Implement (and extend) the low-bit optimizers from torchao with cuda kernels.
The current, python-based implementation nicely separates the optimization algorithm from the underlying data format that is to be used for optimizer states. This is something that should be carried over in the CUDA implementation, i.e., instead of writing an 8-bit Adam kernel, write one Adam kernel template that can be instantiated with different param and optim state dtypes.
In addition to the features currently available, the low-bit optimizer should also help support training when not only the optimizer states are low-bit, but also the parameters. This implies that it should support [https://arxiv.org/abs/2010.06192](stochastic rounding and/or error compensation) for the weight updates.

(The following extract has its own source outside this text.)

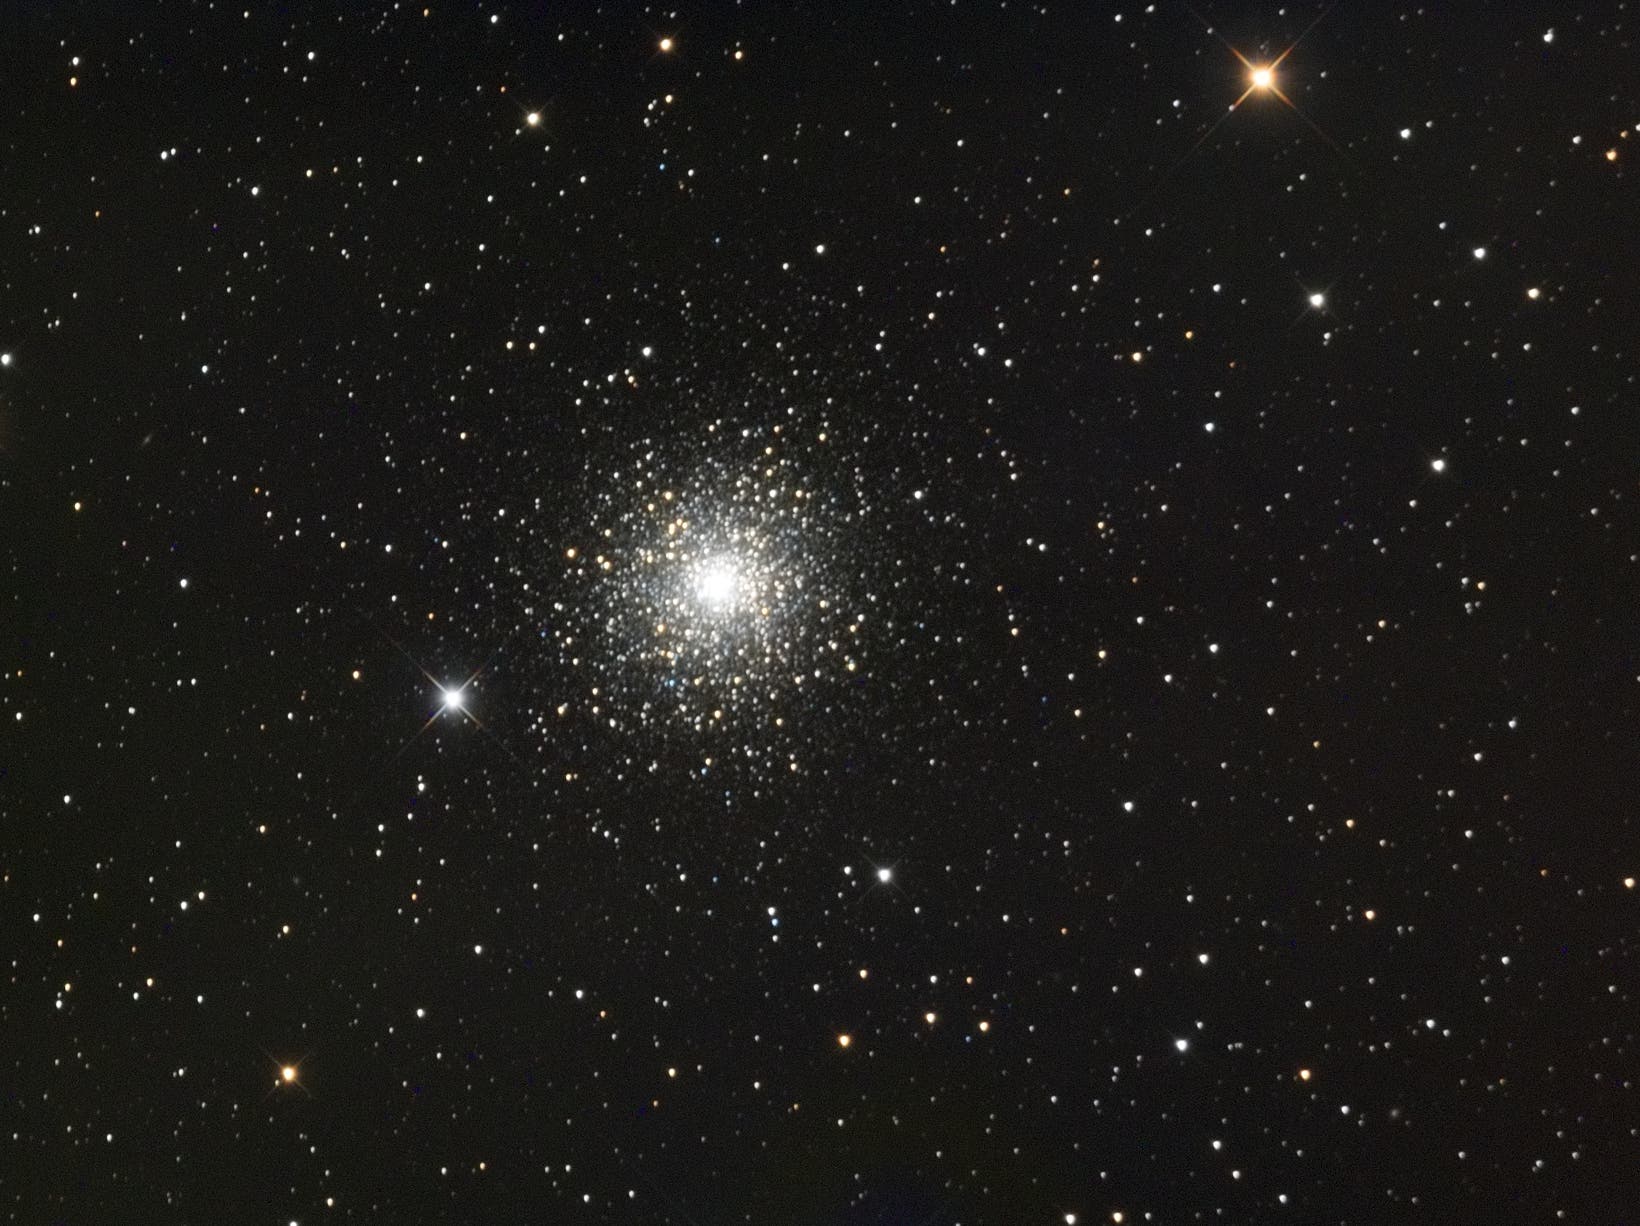 Kugelsternhaufen Messier 15 im Pegasus mit Planetarischen Nebel Pease 1

Stretch goals include efficiently handling multiple tensors in a single kernel call, and using CUDA's just-in-time compilation to potentially avoid having to compile the combinatorical explosion of possible low-bit adam kernels.

ancient tapir Sep 21, 2024, 9:13 PM

#

bubbling this to the top for myself

ancient tapir Sep 25, 2024, 1:04 PM

#

@fiery spire Gonna see if I can match torchao FP8 quantization today (where I left off)

GitHub

ao/phil/test.py at 2976ff61a752342fdc77068c295eff8162fe91f7 · phili...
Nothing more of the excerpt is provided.